** Opening Exercise data block **

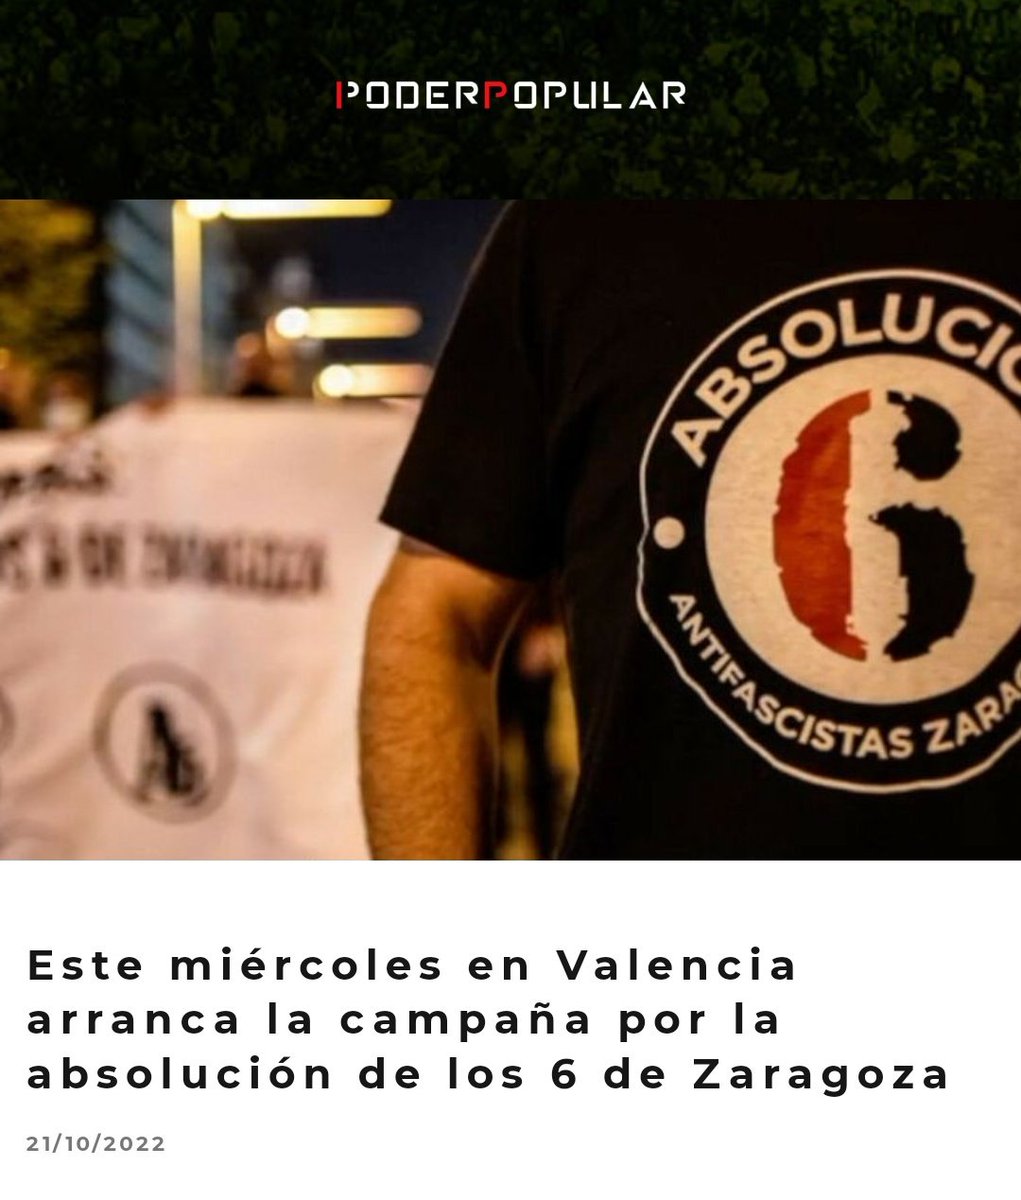 #Actualidad 📰 📌El próximo miércoles 26 arranca en Valencia la campaña por la absolución de los 6 de Zaragoza. Con la participación de @javitxuaijon, uno de los 6 jóvenes encausados, y @Nega_Maiz, de @chikosdelmaiz. ✍🏼Noticia: poderpopular.info/2022/10/21/est… #Absolución6DeZaragoza
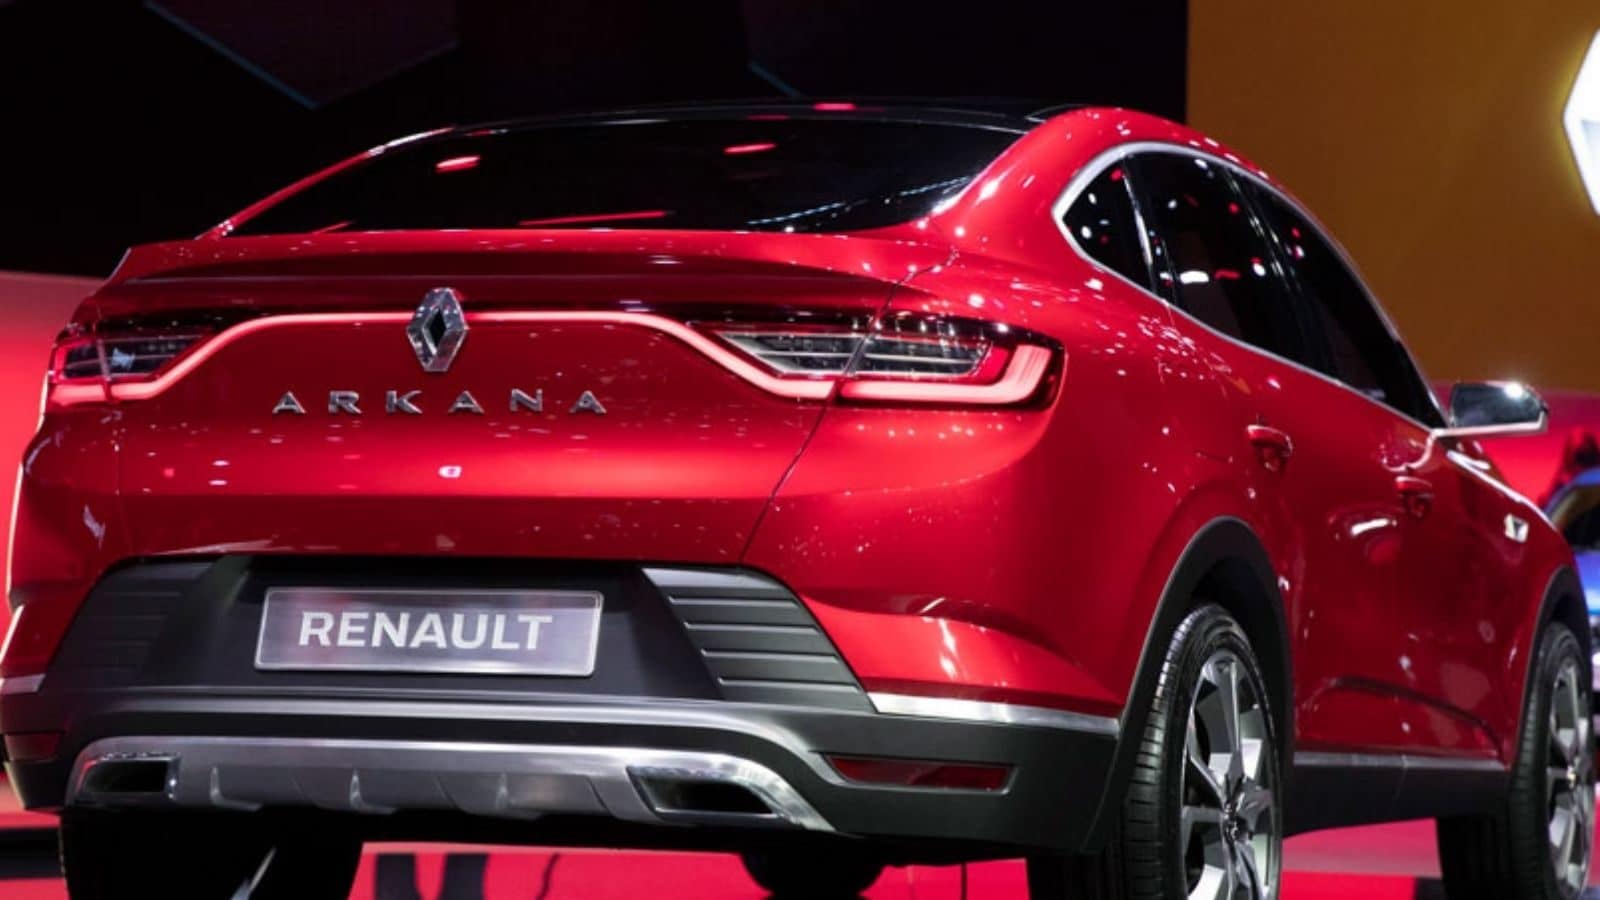 Renault suv arkana features and price- Renault ने शुरू की अर्काना की  टेस्टिंग, Tata Nexon को देगी टक्‍कर, जानिए कीमत और फीचर – News18 हिंदी
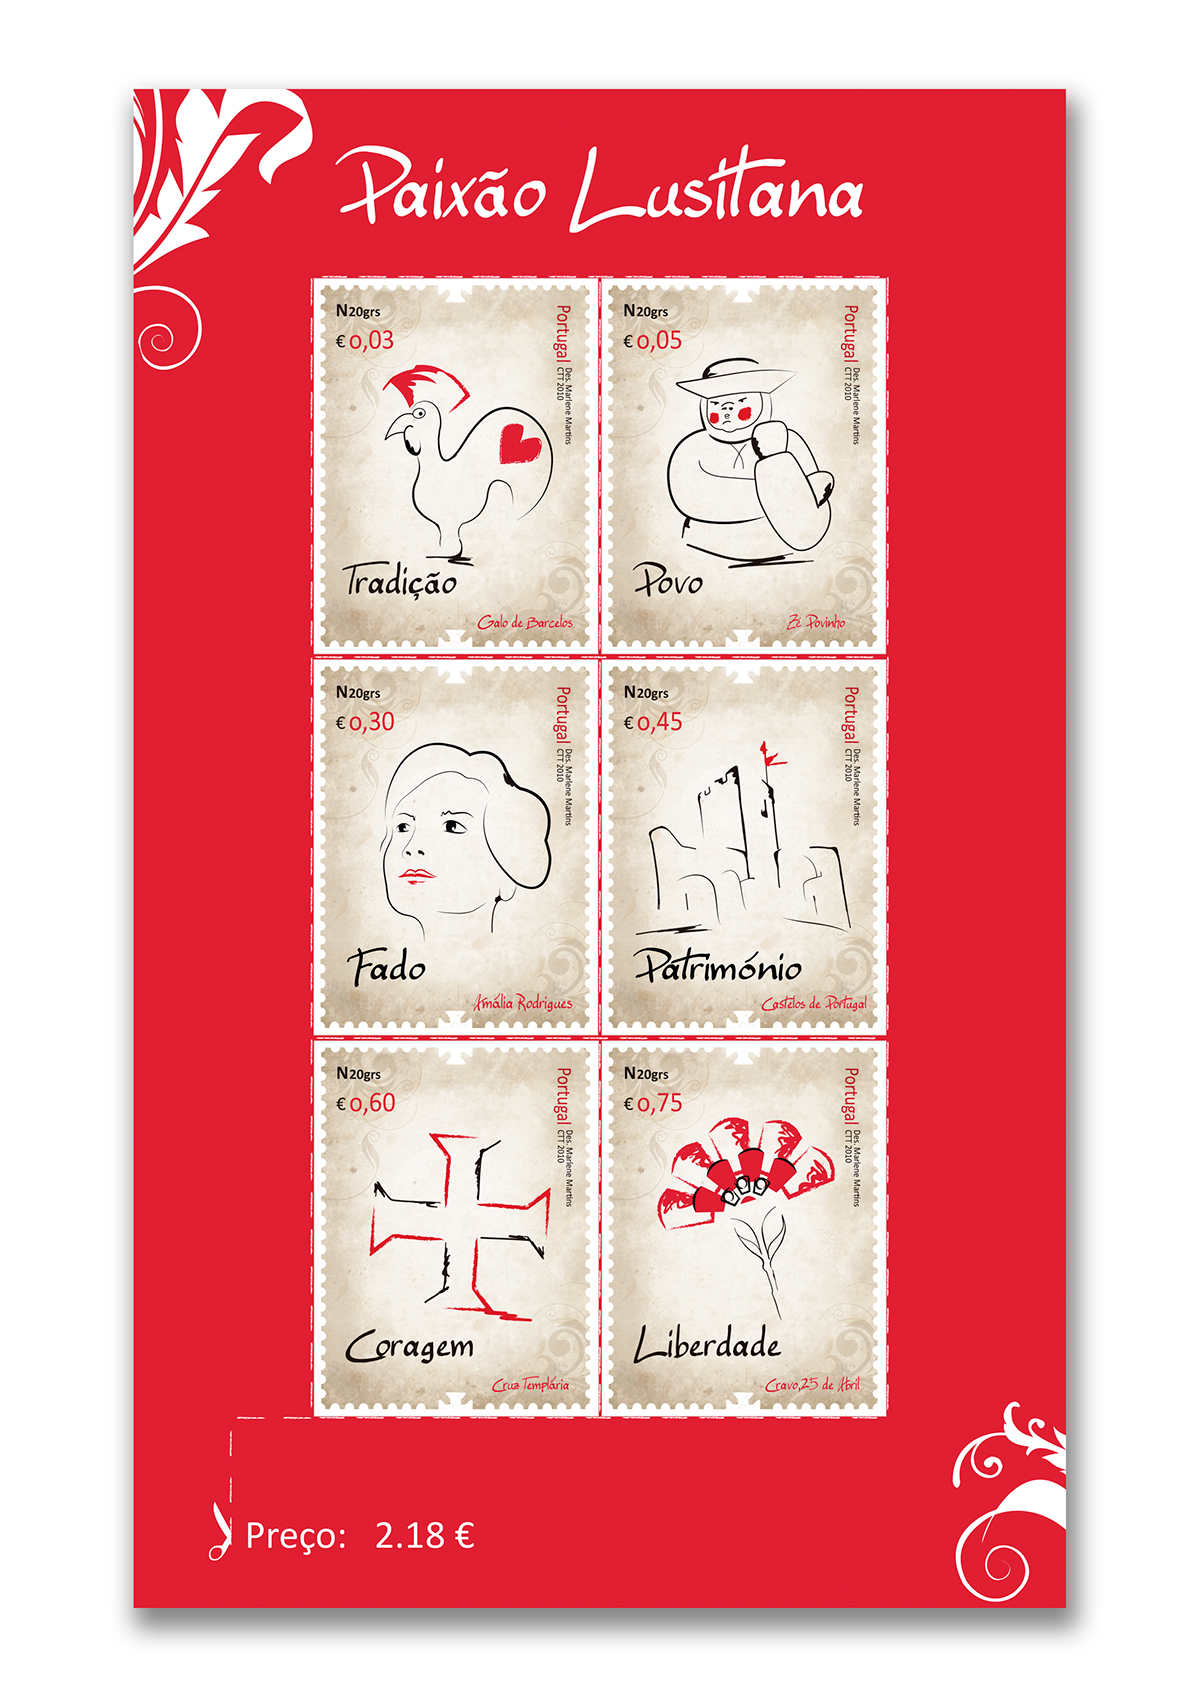 Selos stamps Portugal Stamps Collection Galo de Barcelos Zé Povinho amália rodrigues Templários cravos
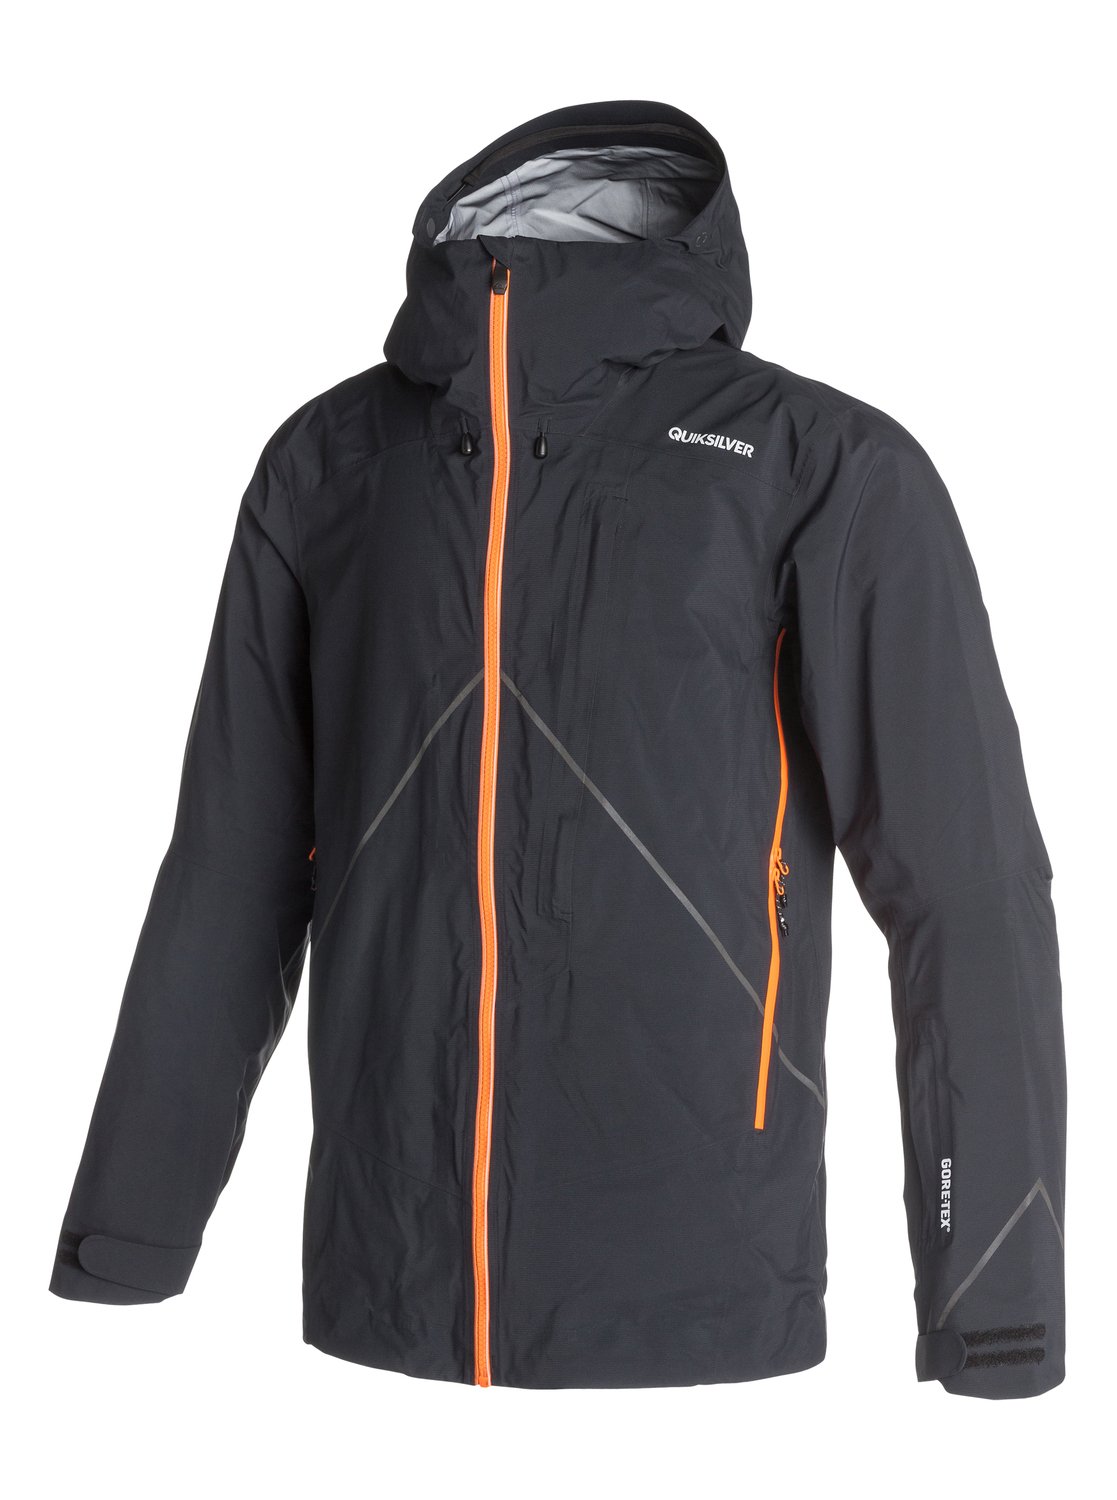 That's It 3L GORE-TEX Snow Jacket EQYTJ03002 | Quiksilver

** Closing Exercise data block **

Task prompt:
Emit an exact copy of the lines from the line bearing "Selos stamps Portugal" through the last line above, inclusive, and leave the images out.

Finished task:
 Selos stamps Portugal Stamps Collection Galo de Barcelos Zé Povinho amália rodrigues Templários cravos
 That's It 3L GORE-TEX Snow Jacket EQYTJ03002 | Quiksilver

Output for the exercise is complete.